**What is required**
The line with "Free hugs. Come" marks the first line to copy, and the line with "Letter S Football" marks the last. Transcribe that stretch of the data below exactly, without pictures.

**Data shown**

============

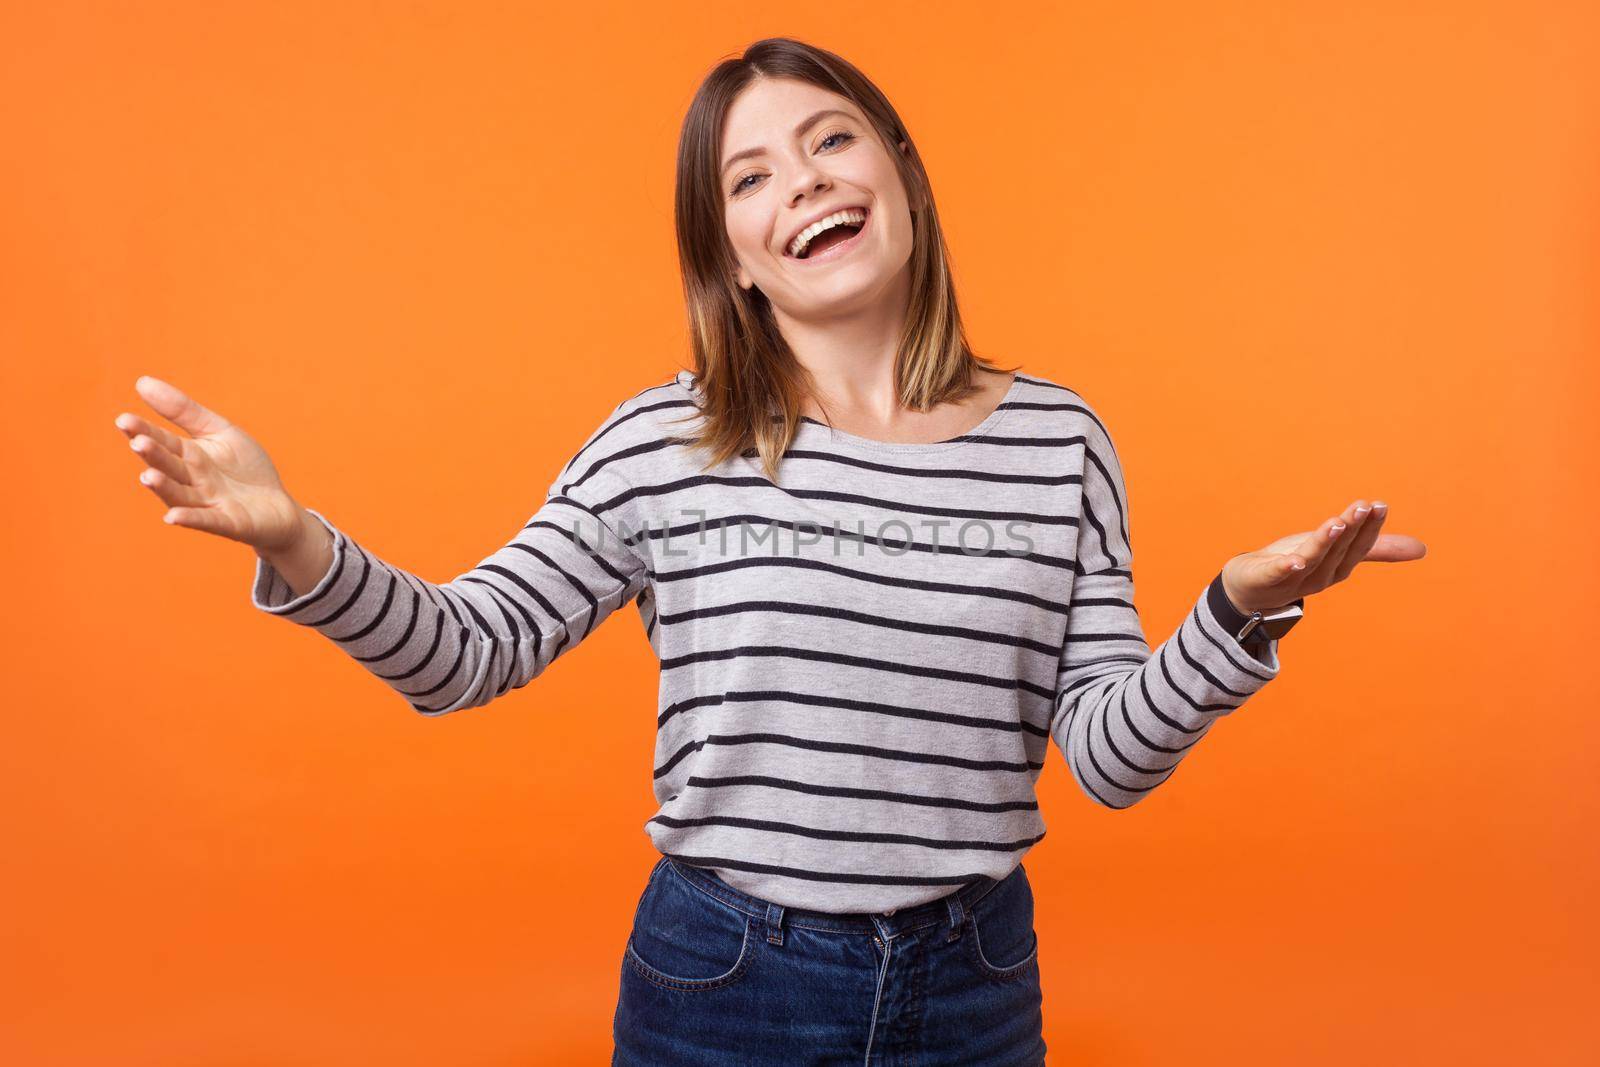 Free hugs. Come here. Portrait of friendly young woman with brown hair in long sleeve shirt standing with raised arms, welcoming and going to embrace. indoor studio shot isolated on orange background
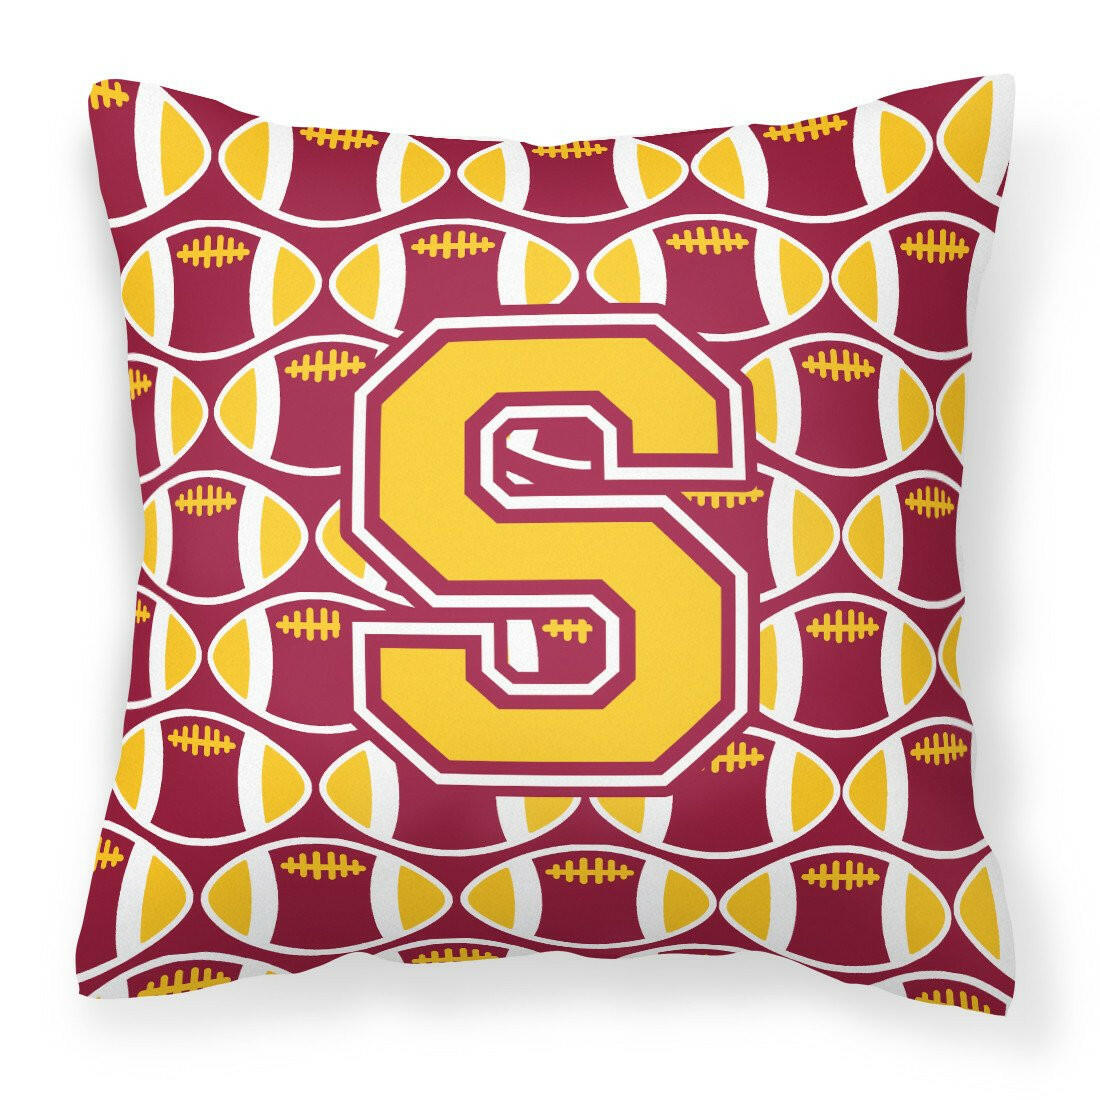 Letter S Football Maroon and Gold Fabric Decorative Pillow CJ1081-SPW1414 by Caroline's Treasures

============

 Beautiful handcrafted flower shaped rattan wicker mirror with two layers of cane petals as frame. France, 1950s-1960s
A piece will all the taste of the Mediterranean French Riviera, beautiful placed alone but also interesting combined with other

============

**Exercise solution**
 Free hugs. Come here. Portrait of friendly young woman with brown hair in long sleeve shirt standing with raised arms, welcoming and going to embrace. indoor studio shot isolated on orange background
 Letter S Football Maroon and Gold Fabric Decorative Pillow CJ1081-SPW1414 by Caroline's Treasures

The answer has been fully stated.